Fallon Simard’s memes and videos capture the conflicts created by colonialism, land, politics, and capitalism. The Anishinaabe-Metis artist creates moving and still images as an embodied and visceral response to Indigenous identity that dispels current tropes of Indigeneity. Simard’s work instead investigates intensity and burden as products of injustice(s), human rights violations, and colonial violence. In his videos and memes, Simard illustrates bad feelings and harms from different Indigenous contexts to reveal new modes and effects of colonial-capital-racial policy. Simard’s work mobilizes grief, intensity, and trauma as mitigation tools to colonial-capital policy. Fallon Simard additionally creates policy recommendations into legislation, services, programs, and organizations to advocate for the human rights and substantive equality of Two Spirit, Queer and Trans Indigenous people.
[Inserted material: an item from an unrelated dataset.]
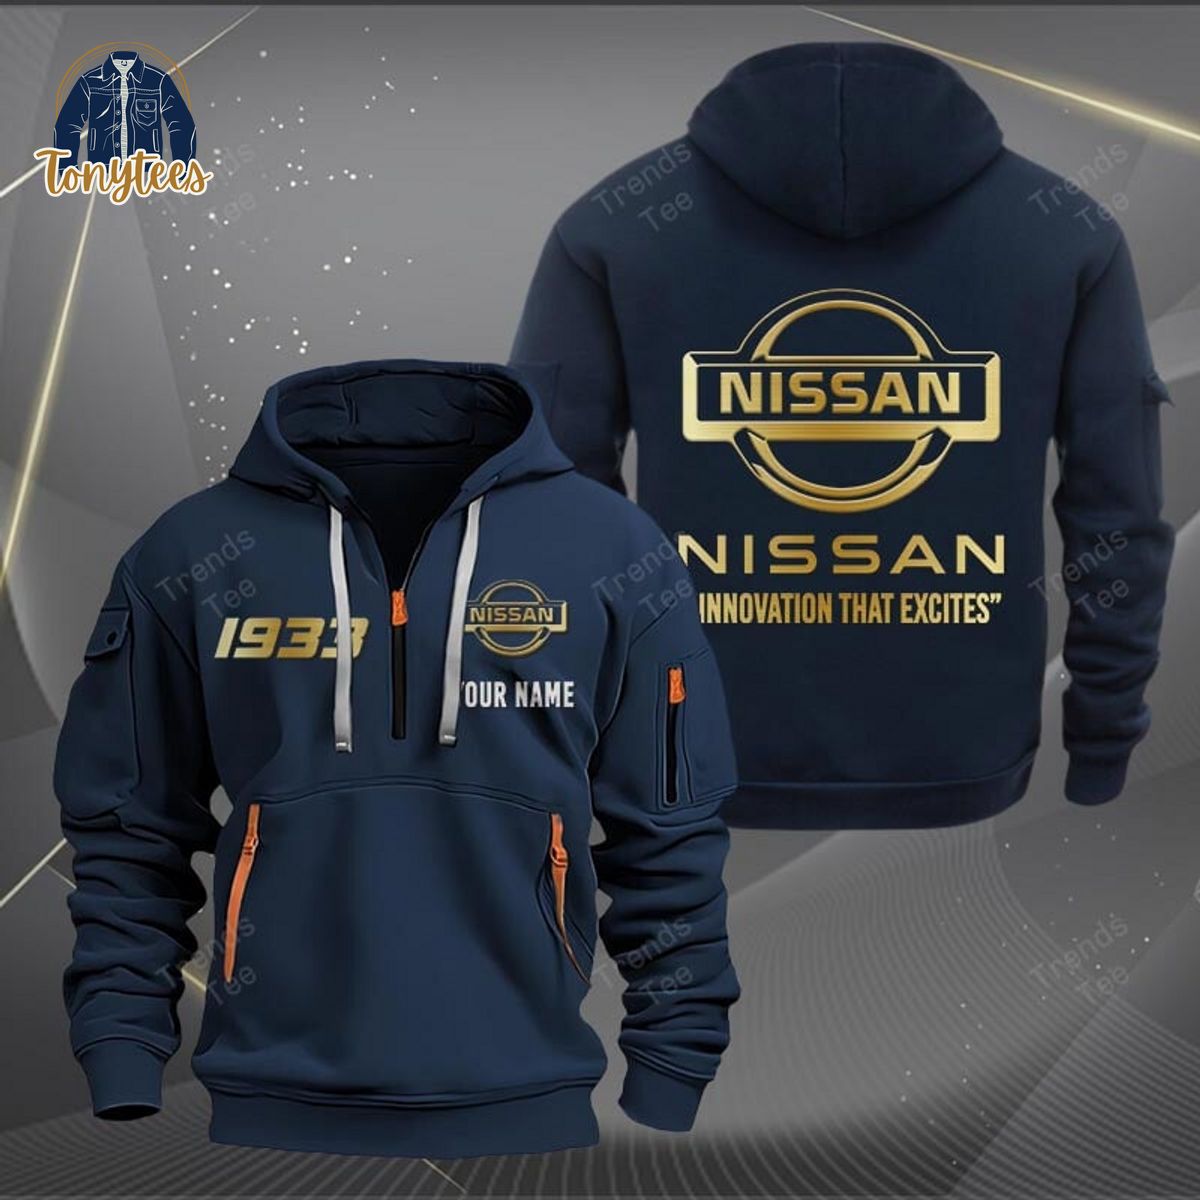 Nissan Innovation that excites Personalized Heavy Hoodie

Geneviève Wallen is a Tiohtiá:ke/Montreal-based independent curator and writer. She obtained a BFA in Art History at Concordia University (2012) and a MFA in Criticism and Curatorial Practice at OCAD University (2015). Wallen's practice is informed by diasporic narratives, intersectional feminism, intergenerational dialogues, BIPOC alternative futurities and healing platforms. Her ongoing research focuses on the notion of longevity as a methodology for resistance and care work in the arts. Her most recent curated exhibition, Made of Honey, Gold, and Marigold (2020), was on view at the Robert McLaughlin Gallery in Oshawa. Wallen contributed essays for C magazine and the anthology Other Places;Reflections on Media Arts in Canada, edited by Deanna Bowen. She is an Exhibition Coordinator at Fofa Gallery, a member of YTB (Younger than Beyoncé) Collective, and is the co-initiator (with Marsya Maharani) of Souped Up a thematic dinner series conceived to carve spaces for care and support building among BIPOC curators and cultural workers.
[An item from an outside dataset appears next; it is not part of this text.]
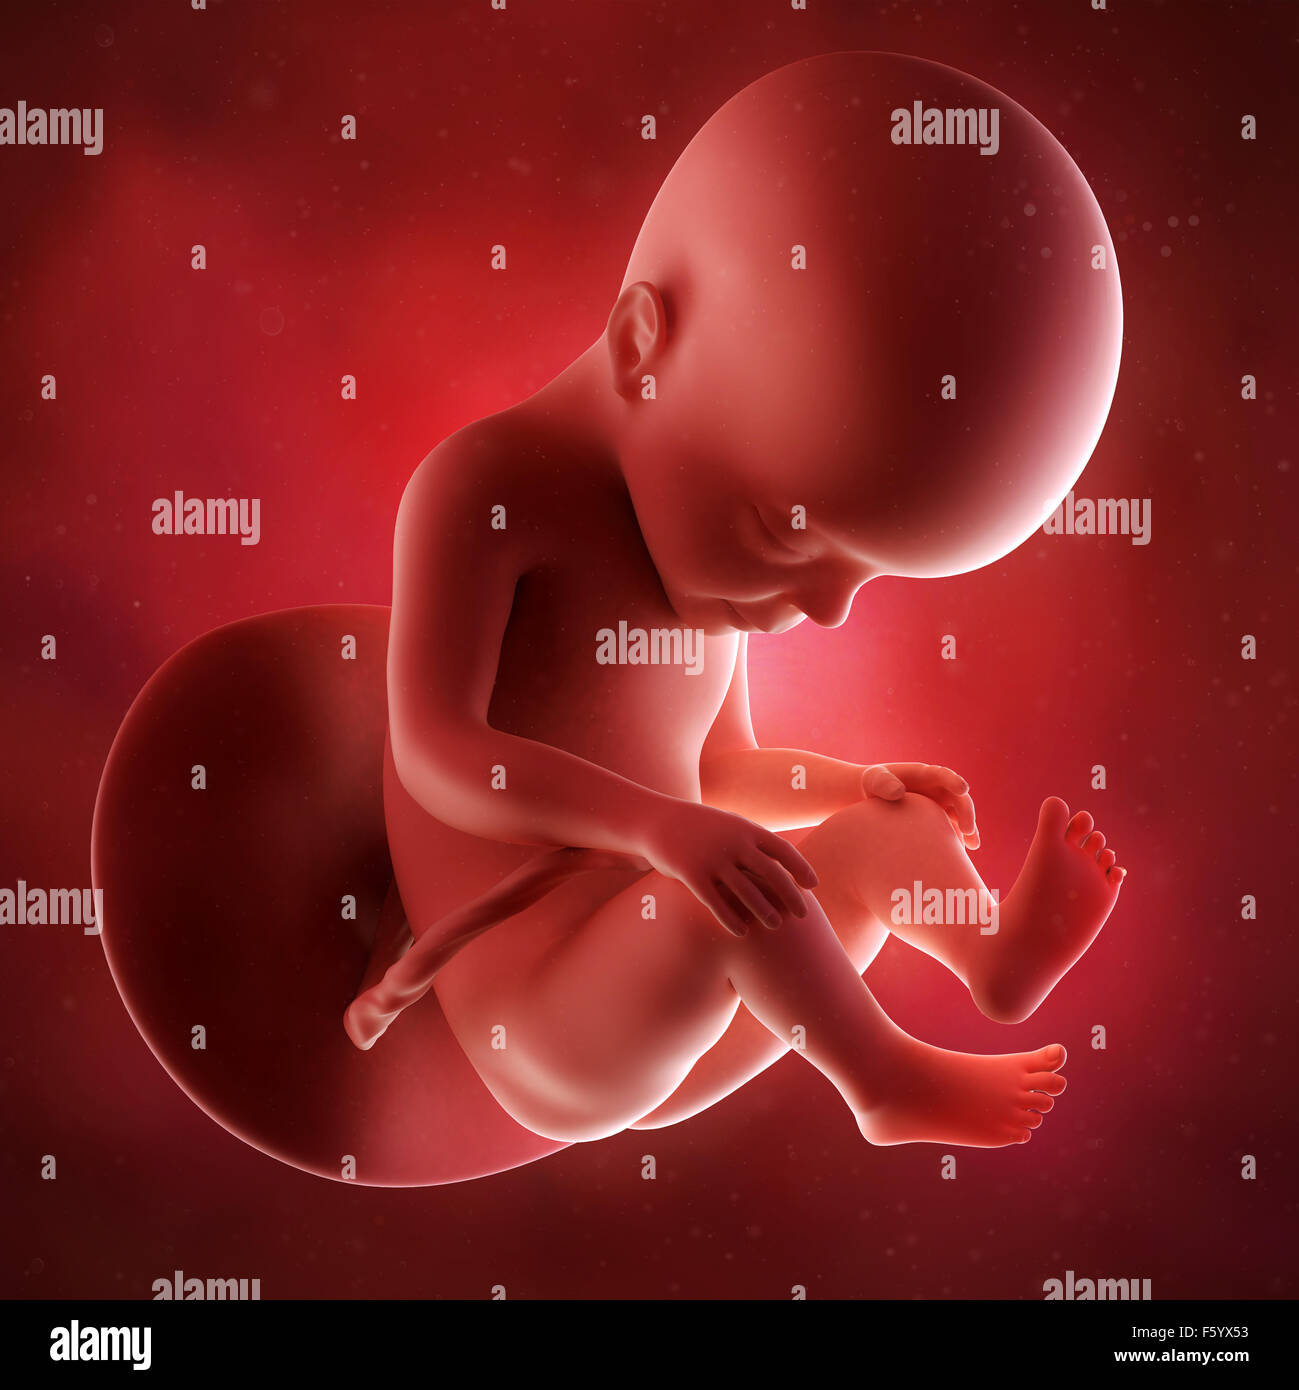 medical accurate 3d illustration of a fetus week 27 Stock Photo

Syrus Marcus Ware is a Vanier scholar, visual artist, activist, curator and educator. Syrus uses painting, installation and performance to explore social justice frameworks and black activist culture, and he’s shown widely in galleries and festivals across Canada. He is part of the Perfor-mance Disability Art Collective and a core-team member of Black Lives Matter – Toronto. He has won several recognitions including the TD Diversity Award 2017, “Best Queer Activist” NOW Magazine 2005, and the Steinert and Ferreiro Award 2012.
ABOUT THE MODERATOR
Belinda Kwan is a Chinese-Canadian settler curator interested in exhibitionary forms of critique, pedagogy, and advocacy. Her research-based practice explores how processes of knowledge translation and legitimization produce or influence transgenerational trauma. More recently, her work has focused on how notions of scientific and mathematic ‘objectivity’ shape the socio-political imaginary. She has curated for the Society of Literature, Science, and the Arts (int’l); Varley Art Gallery (Markham); Art Gallery of York University (Toronto); and Myseum of Toronto. She is a Co-Director at Bunker 2 Contemporary Art Container and a board member of Trinity Square Video (Toronto).